In this study, a large-eddy simulation (LES) code with the one-dimensional turbulence (ODT) wall model is tested for the simulation of the atmospheric boundary layer under neutral, stable, unstable and free-convection conditions. The ODT model provides a vertically refined flow field near the wall, which has small-scale fluctuations from the ODT stochastic turbulence model and an extension of the LES large-scale coherent structures. From this additional field, the lower boundary conditions needed by LES can be extracted. Results are compared to the LES using the classical algebraic wall model based on the Monin–Obukhov similarity theory (MOST), showing similar results in most of the domain with improvements in horizontal velocity and temperature spectra in the near-wall region for simulations of the neutral/stable/unstable cases. For the free-convection test, spectra from the ODT part of the flow were directly compared to spectra generated by LES-MOST at the same height, showing similar behaviour despite some degradation. Furthermore, the additional flow field improved the near-wall vertical velocity skewness for the unstable/free-convection cases. The tool is demonstrated to provide adequate results without the need of any case-specific parameter tuning. Future studies involving complex physicochemical processes at the surface (such as the presence of vertically distributed sources and sinks of matter and energy) within a large domain are likely to benefit from this tool.
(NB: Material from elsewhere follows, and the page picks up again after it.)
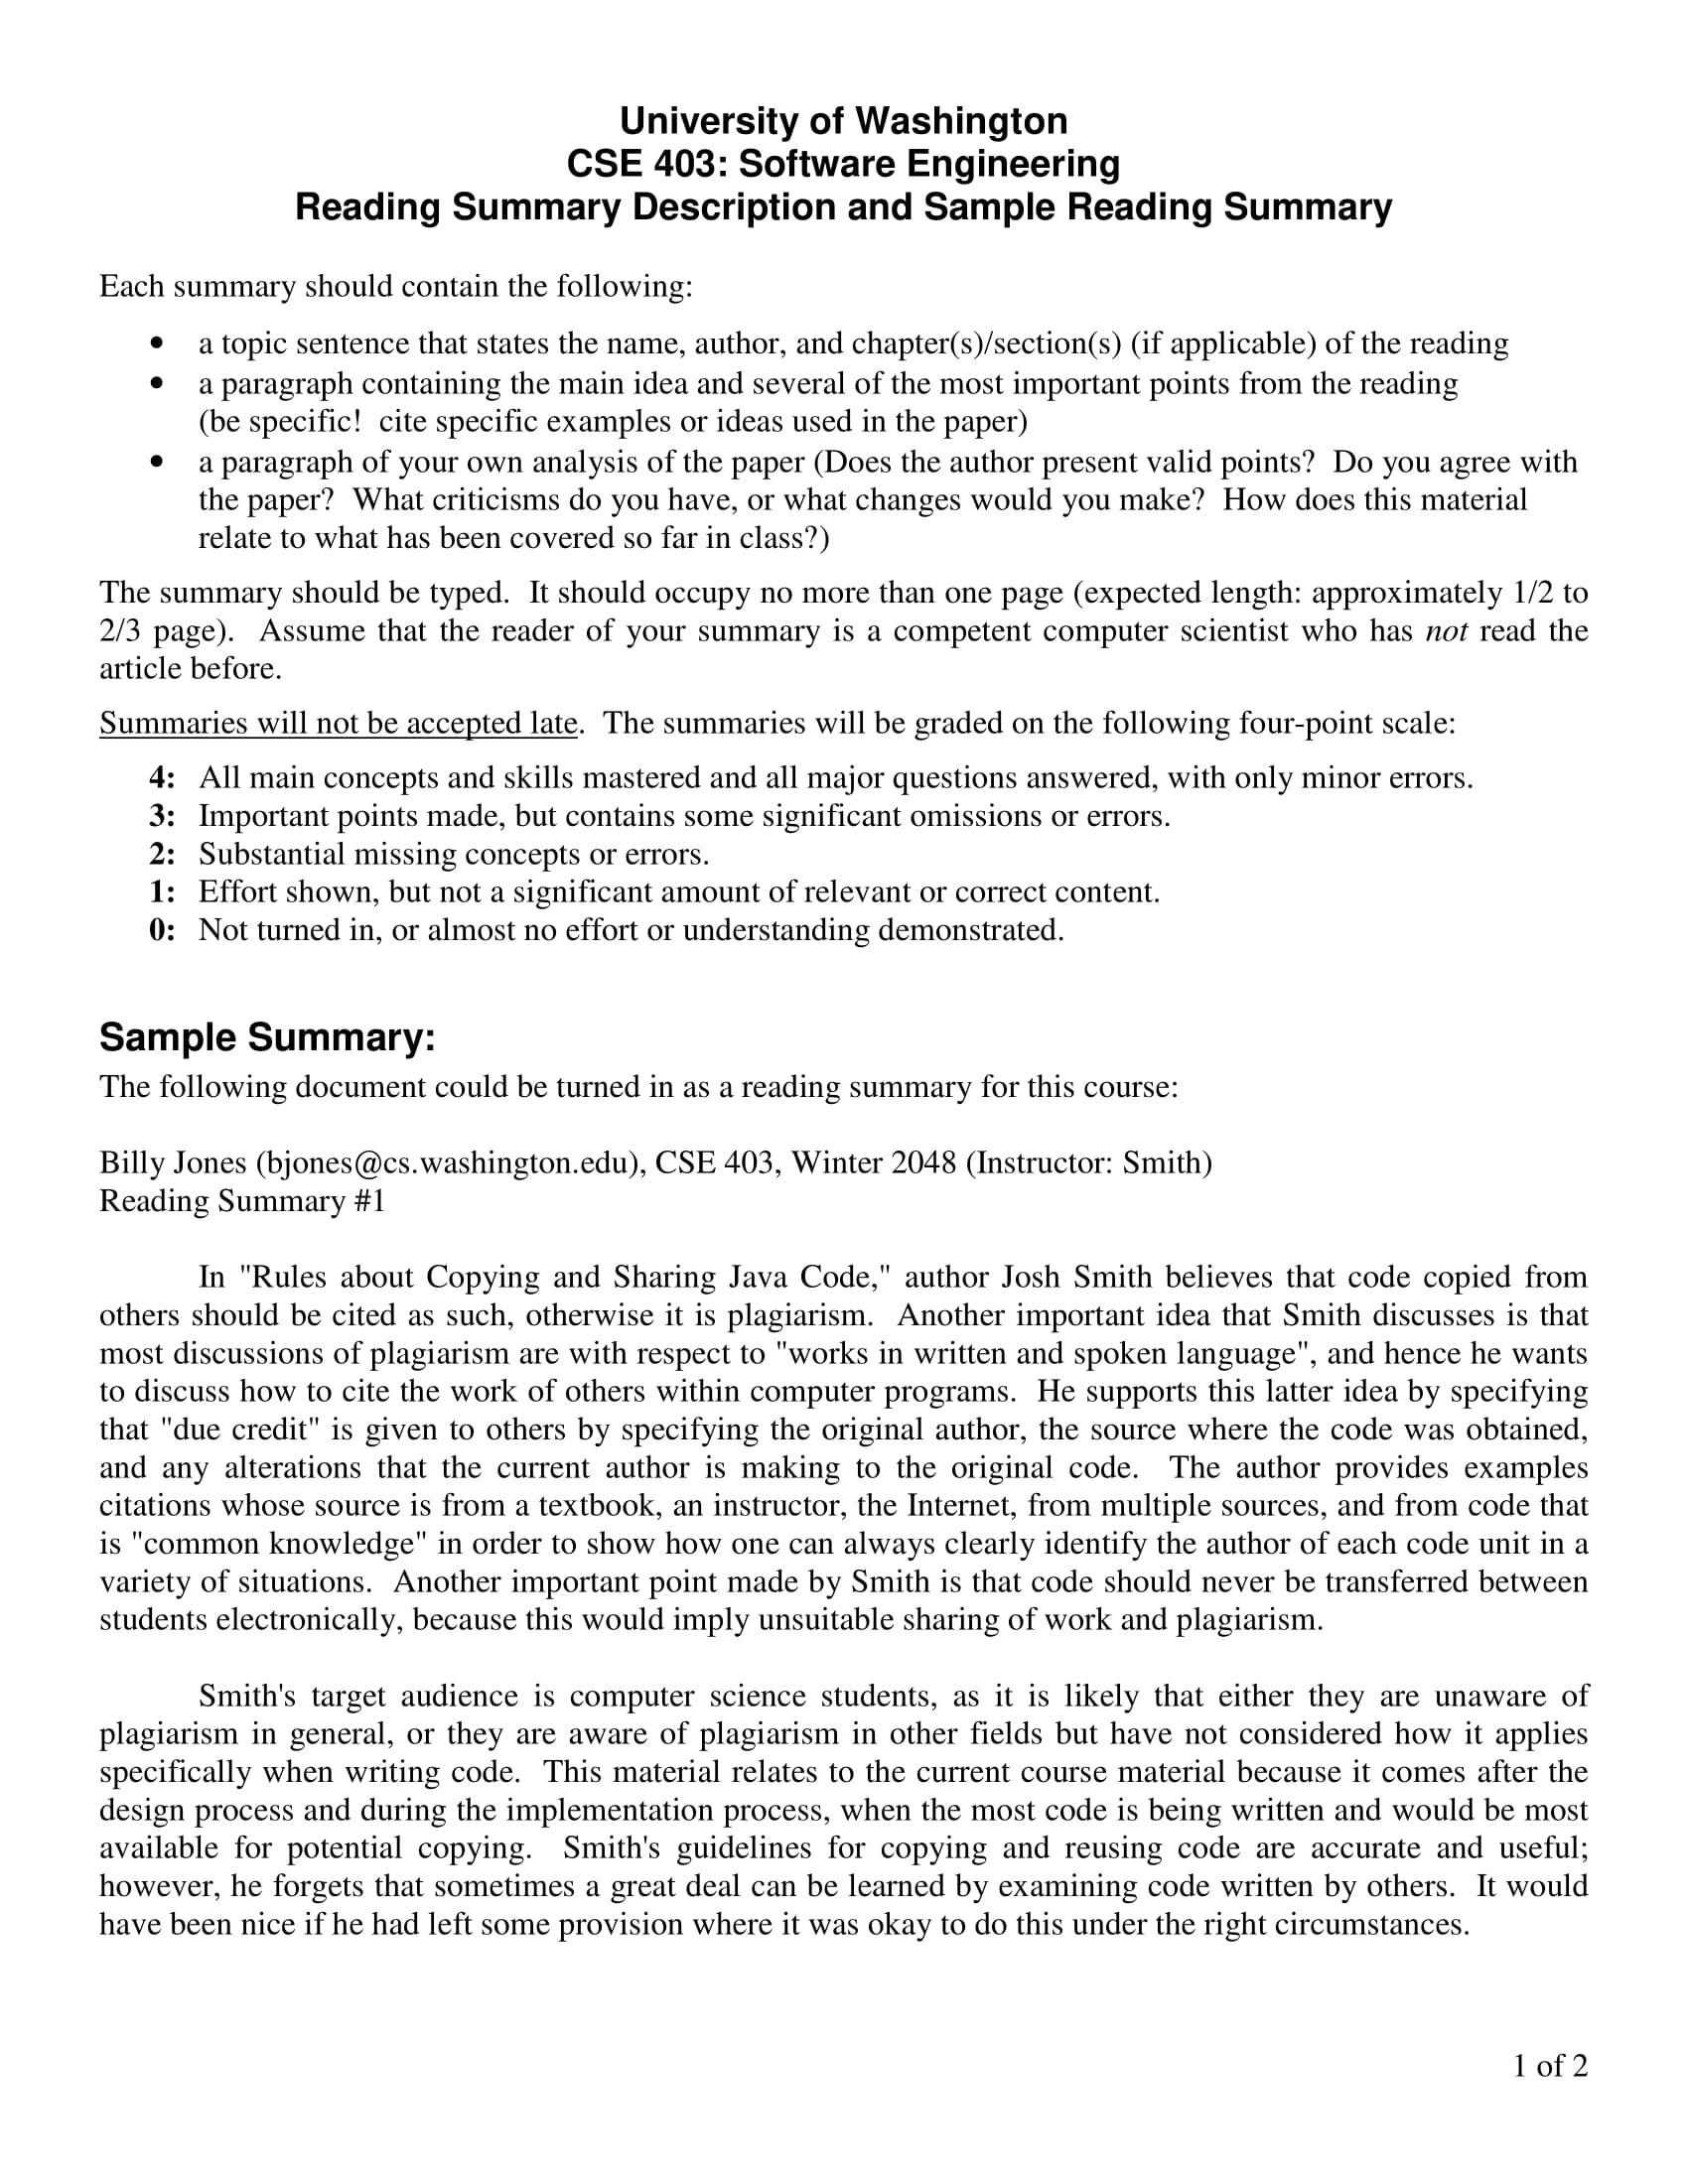 sample reading summary

在这项研究中，测试了具有一维湍流 (ODT) 壁面模型的大涡模拟 (LES) 代码，用于模拟中性、稳定、不稳定和自由对流条件下的大气边界层。ODT模型提供了一个垂直细化的靠近壁面的流场，它具有ODT随机湍流模型的小尺度波动和LES大尺度相干结构的扩展。从这个附加字段中，可以提取 LES 所需的下边界条件。使用基于 Monin-Obukhov 相似性理论 (MOST) 的经典代数壁模型将结果与 LES 进行比较，在大多数域中显示出相似的结果，近壁区域的水平速度和温度谱得到了改善，用于模拟中性/稳定/不稳定的情况。对于自由对流测试，流动的 ODT 部分的光谱直接与 LES-MOST 在相同高度产生的光谱进行比较，尽管有一些退化，但表现出相似的行为。此外，附加流场改善了不稳定/自由对流情况下的近壁垂直速度偏度。该工具被证明可以提供足够的结果，而无需任何特定于案例的参数调整。未来涉及大范围内地表复杂物理化学过程（例如存在垂直分布的物质和能量源和汇）的研究可能会受益于该工具。额外的流场改善了不稳定/自由对流情况下的近壁垂直速度偏度。该工具被证明可以提供足够的结果，而无需任何特定于案例的参数调整。未来涉及大范围内地表复杂物理化学过程（例如存在垂直分布的物质和能量源和汇）的研究可能会受益于该工具。额外的流场改善了不稳定/自由对流情况下的近壁垂直速度偏度。该工具被证明可以提供足够的结果，而无需任何特定于案例的参数调整。未来涉及大范围内地表复杂物理化学过程（例如存在垂直分布的物质和能量源和汇）的研究可能会受益于该工具。